Originality: To the best of my knowledge, this paper seems to be the first to combine multi-granularity image and text modeling. This makes it interesting and could spark some directions in the future.

Quality: The thorough evaluations a presented in the experimental section are of fair quality which helps the reviewers make a better assessment of the contributions and significance of the paper.

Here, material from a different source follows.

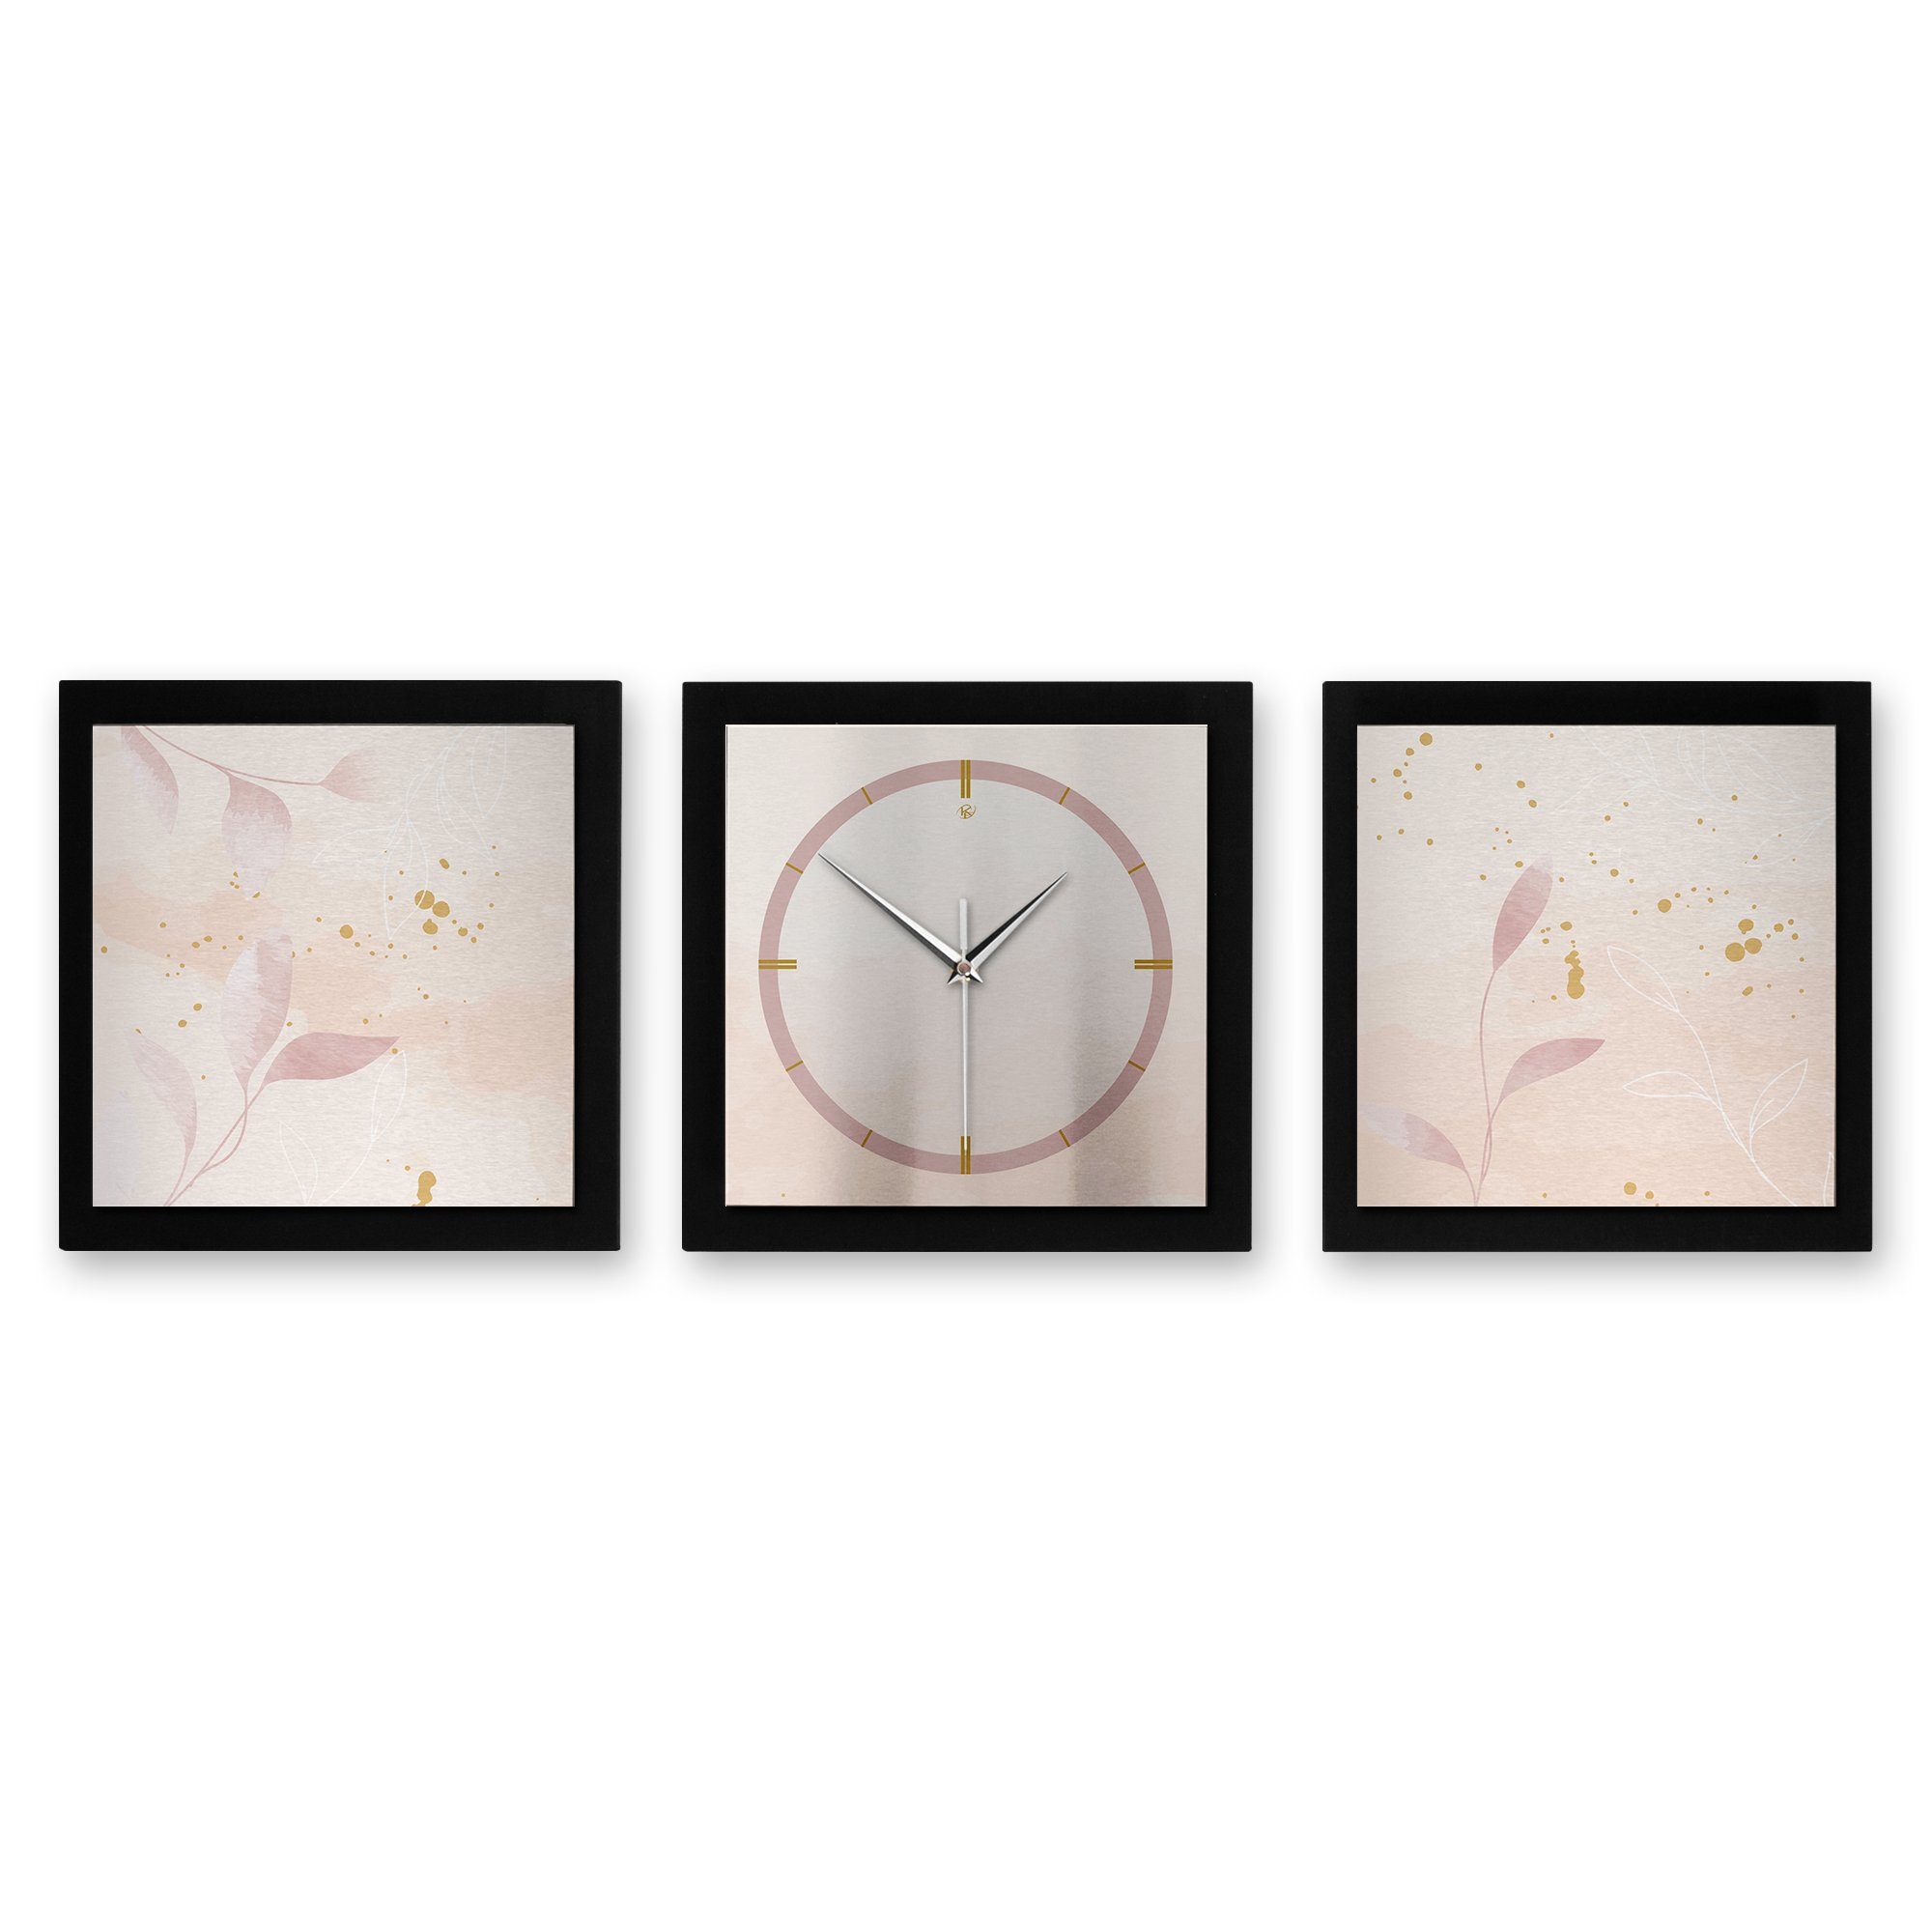 Kreative Feder Wanduhr Pale Pink (ohne Ticken; Funk- oder Quarzuhrwerk; elegant, außergewöhnlich, modern) groß (150x50cm)

Clarity: The presentation of some of the ablations could use some work. Please see weaknesses section

Significance: The significance of this paper given the results in somewhat average, but maybe clarifications and improved results could make it more significant?

缺点

Understanding is negatively affected by multi-granularity modeling. Looking at Table 5 in the appendix, it is not clear whether multi-granularity modeling adds to the understanding ability of the model. For half of the metrics the performance becomes worse, for one is the same, and only for a single metric the performance actually seems to improve. Do the authors have an intuition of why this is the case? Is spending part of the compute budget in the coarse level features the reason for this? Or is it the features themselves that confuse the model.
Understanding ablations. It is not clear how the ablations in appendix C were done. Did the authors train multiple models with encodings from only a single granularity? Or did the authors remove the encodings at other granularities at inference time to evaluate on how well the understanding performs when given a single granularity encodings?
Reconstruction performance. In the provided evaluations, the proposed method outperforms previous models in terms of reconstruction given image encodings at the finest granularity. Is this an effect of the multi-granularity learning? Or is it just an effect of the encoder / decoder combination. If it's just the encoder / decoder combination, does this result validate the proposed multi-granular idea of the paper?
Use of multiple decoders. Is using multiple decoders necessary? Did the authors try using a conditioning signal to tell the diffusion decoders what type of inputs are being fed for generation?

问题

Please see weaknesses

撤稿通知

2024-11-15

Thanks so much for all the reviewers' suggestions. We have decided to withdraw the submission.